**Problem to work on**
For this exercise, return only the lines in the records below from the one holding "armstukken-wielrennen-dames-roze" through the one holding "Yankee Doodle Penguin", including both, exactly as they appear and without pictures.

**Task inputs**
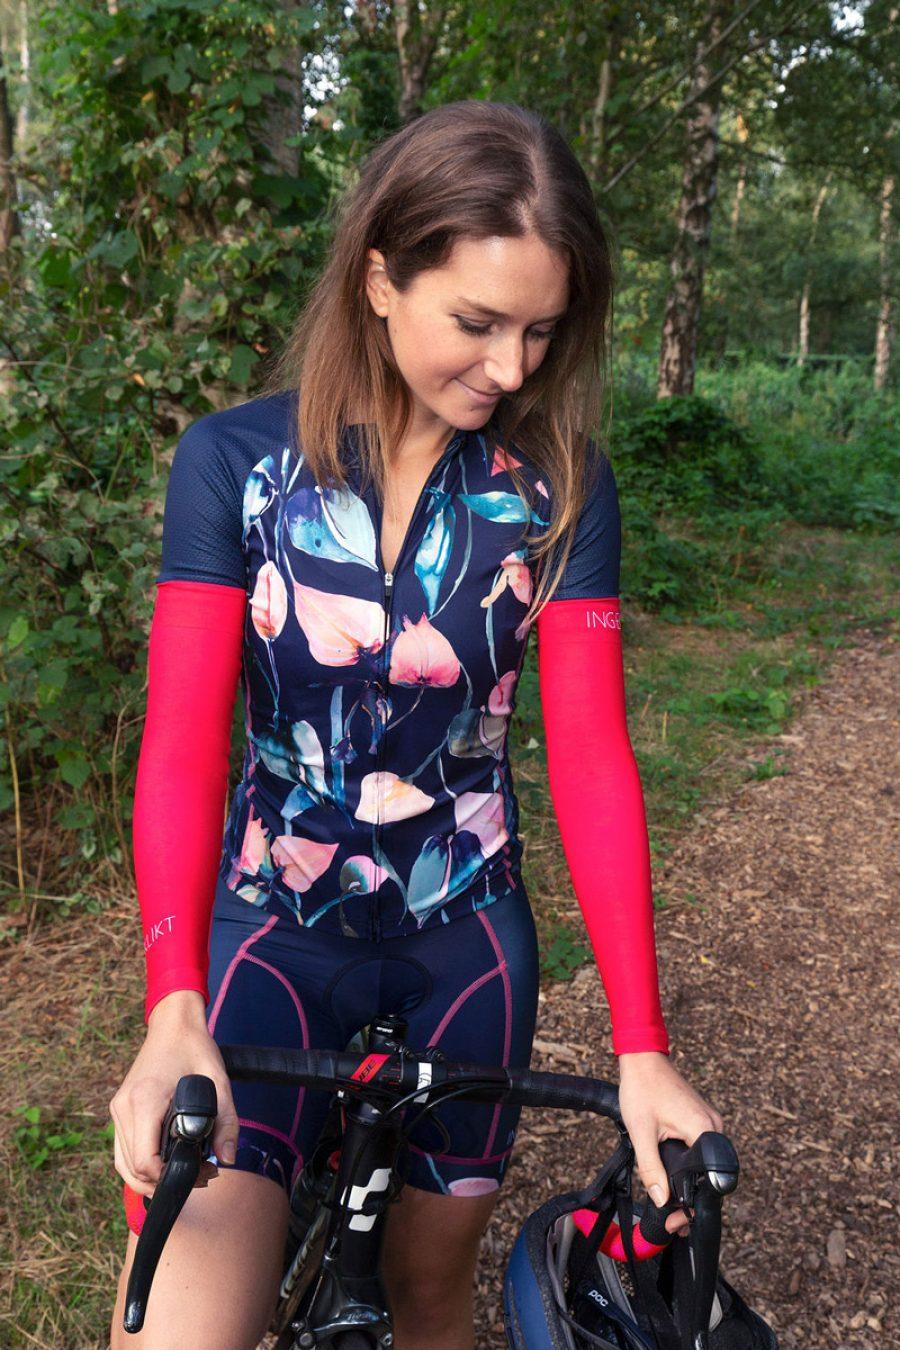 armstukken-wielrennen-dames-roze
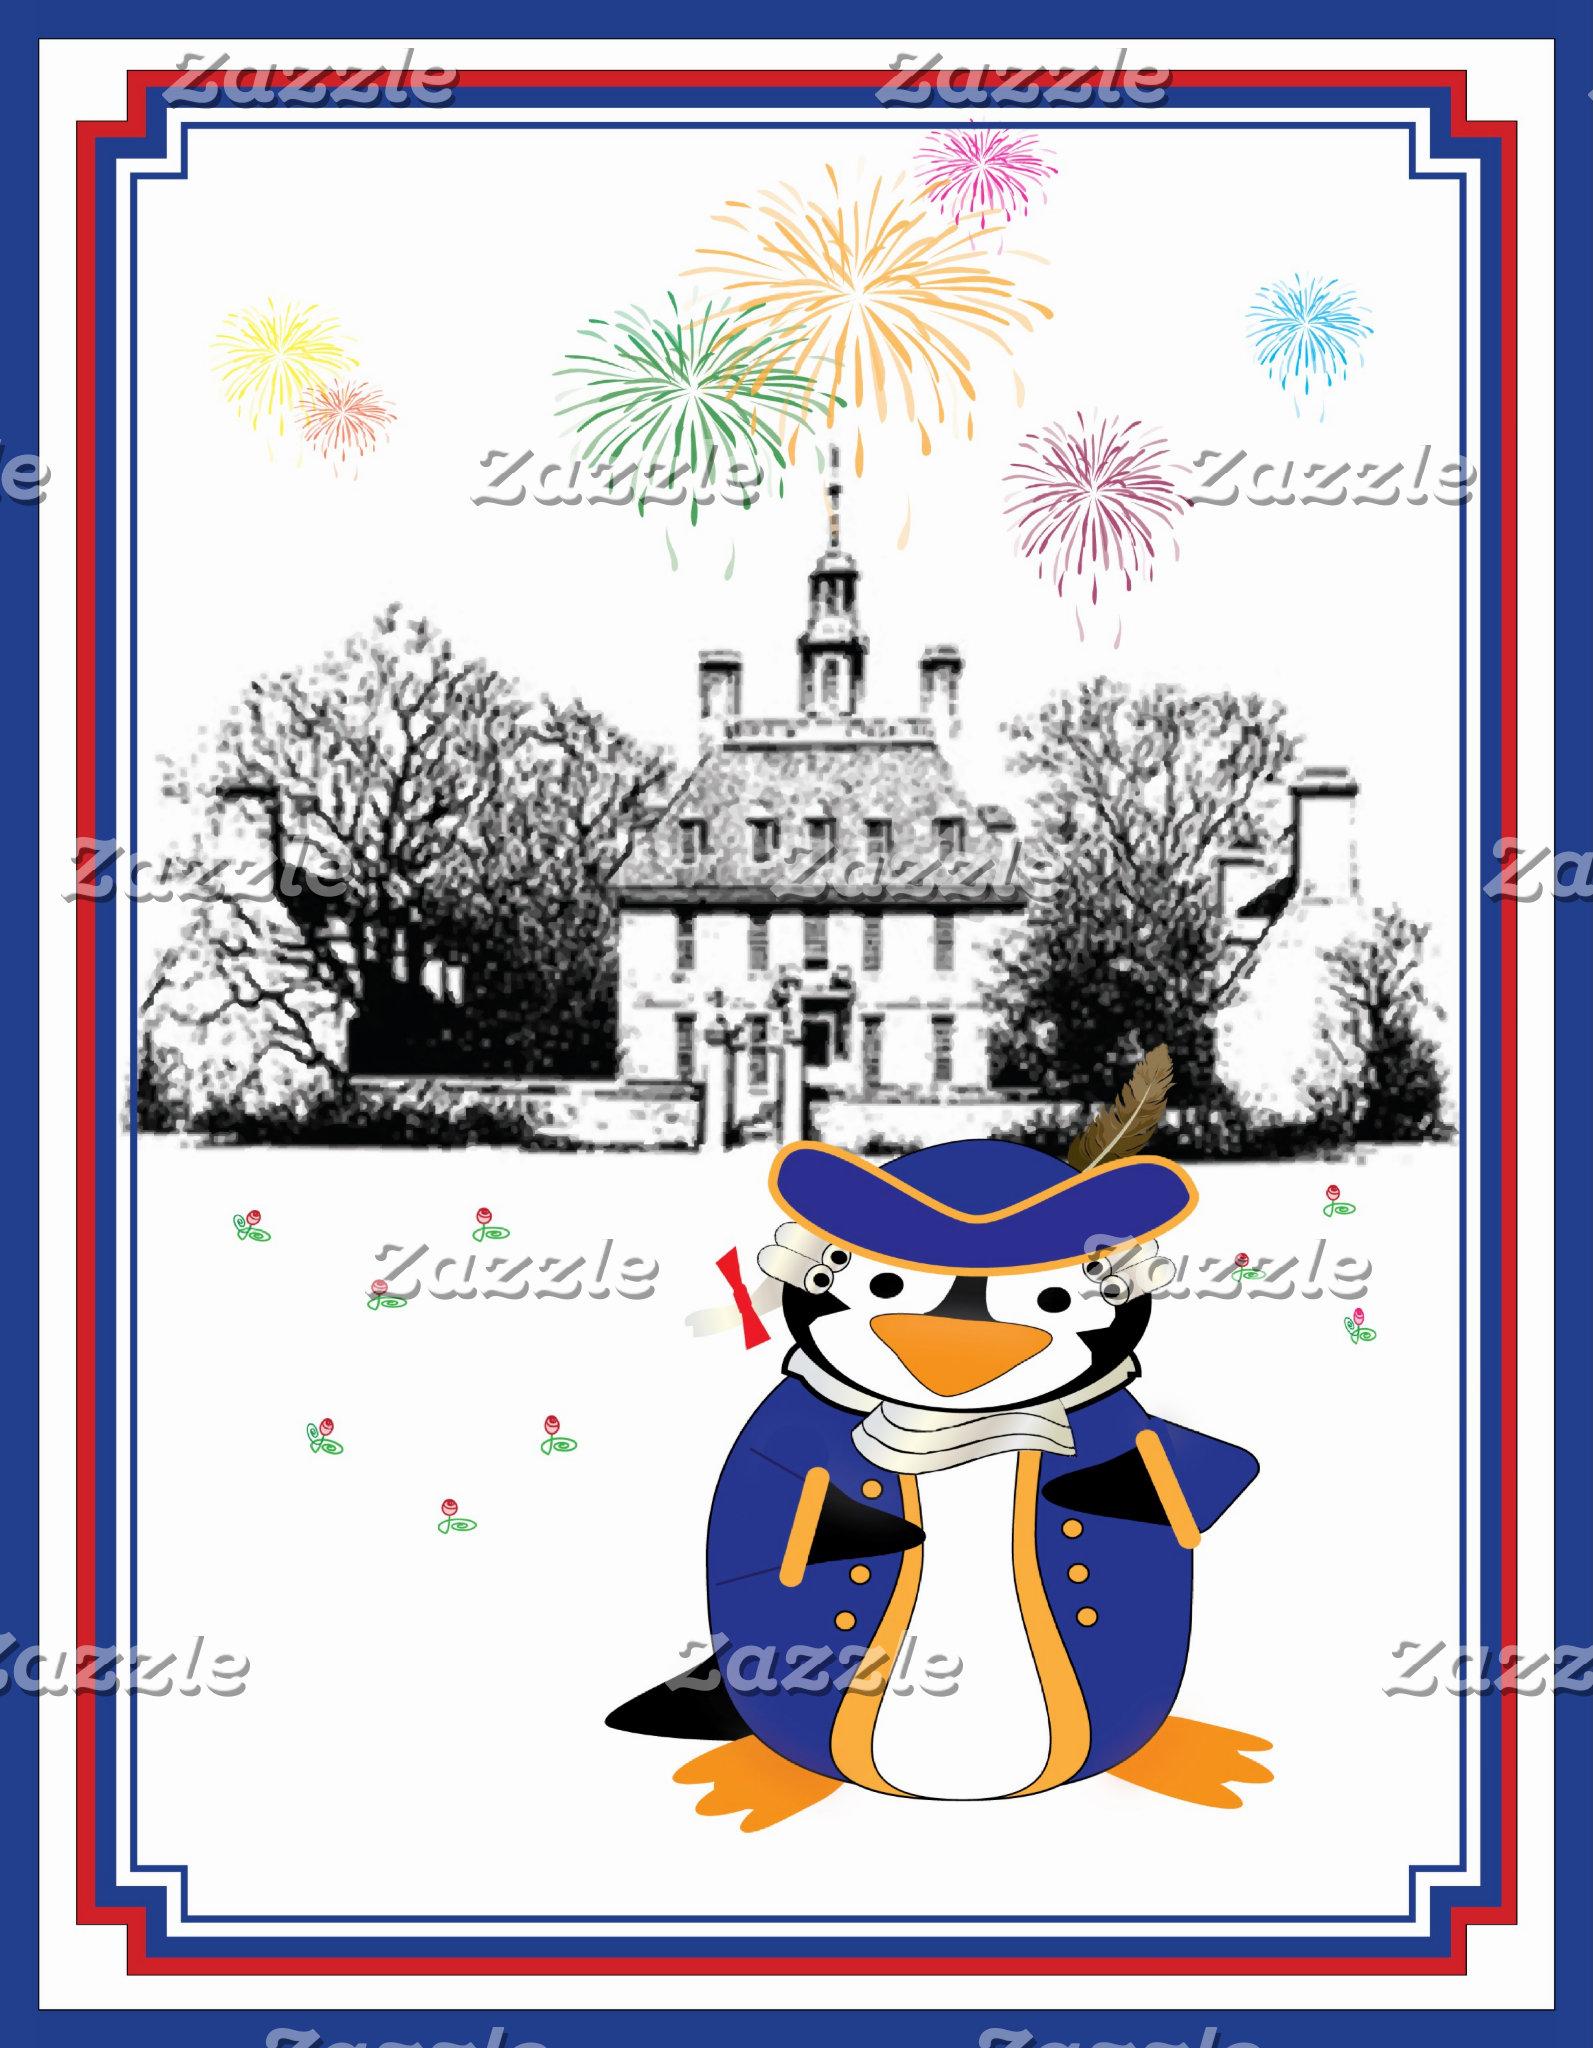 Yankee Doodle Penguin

---

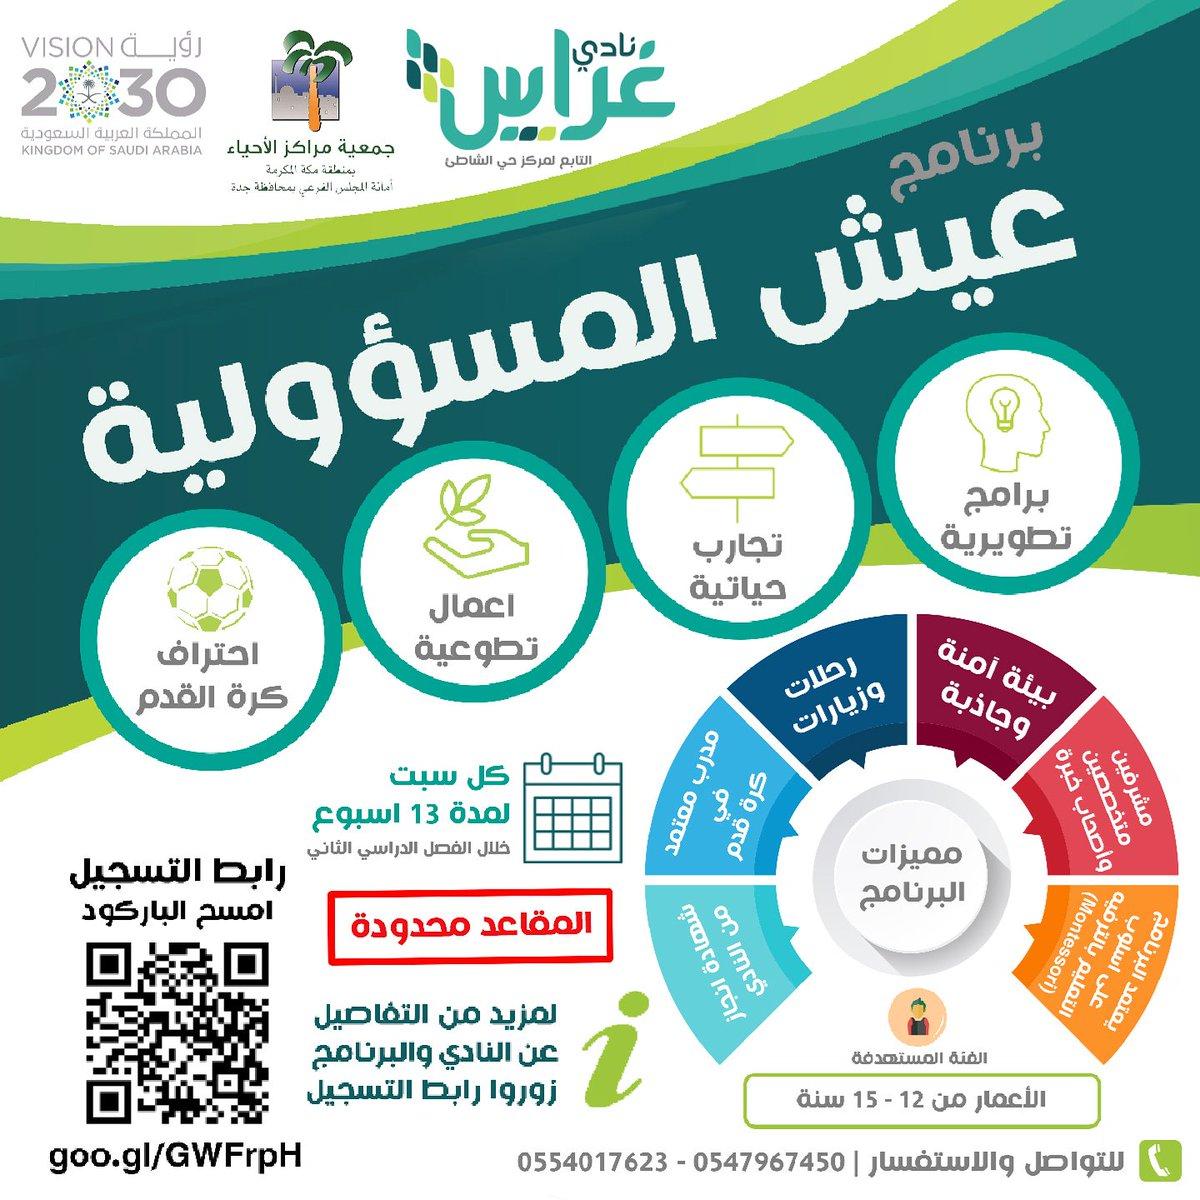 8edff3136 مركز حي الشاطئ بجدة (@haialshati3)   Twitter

* * *

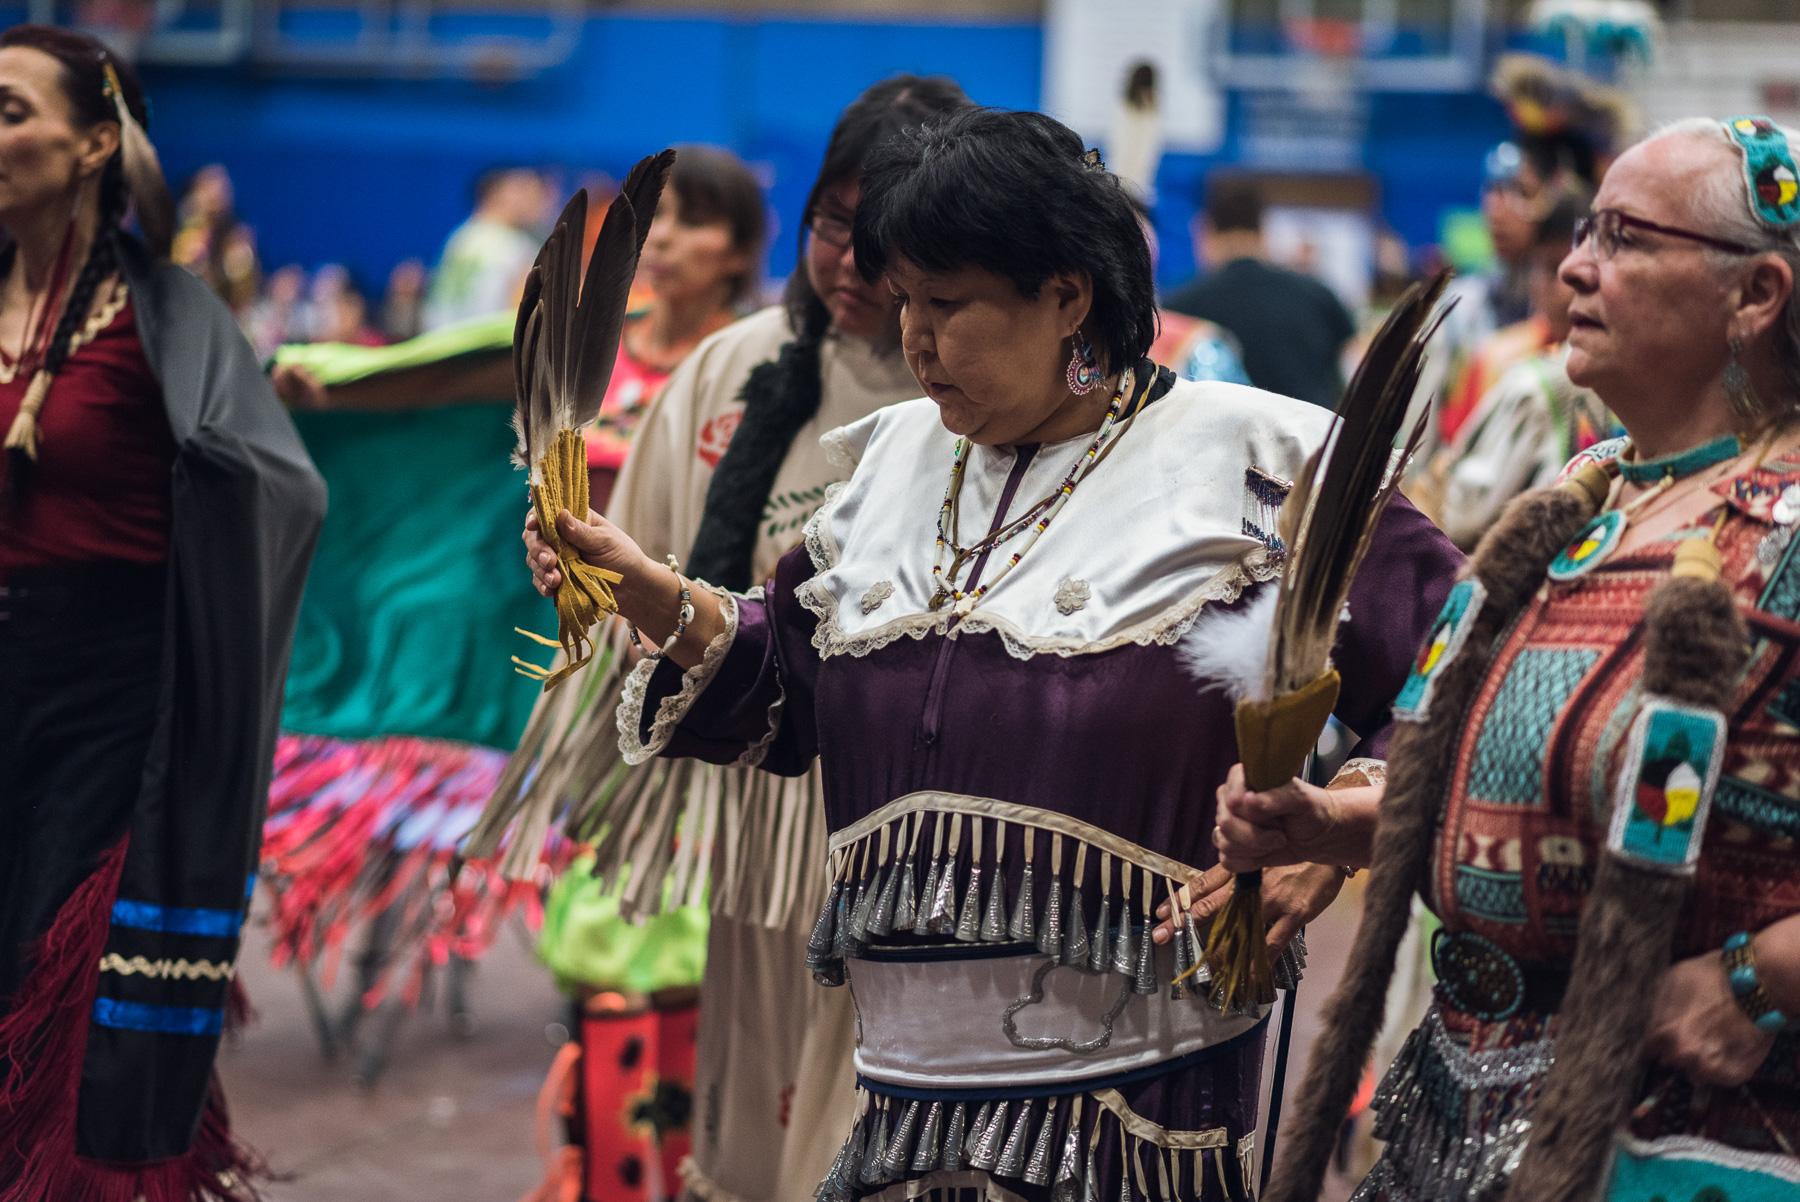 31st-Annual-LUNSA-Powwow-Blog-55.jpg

**Exercise result**
 armstukken-wielrennen-dames-roze
 Yankee Doodle Penguin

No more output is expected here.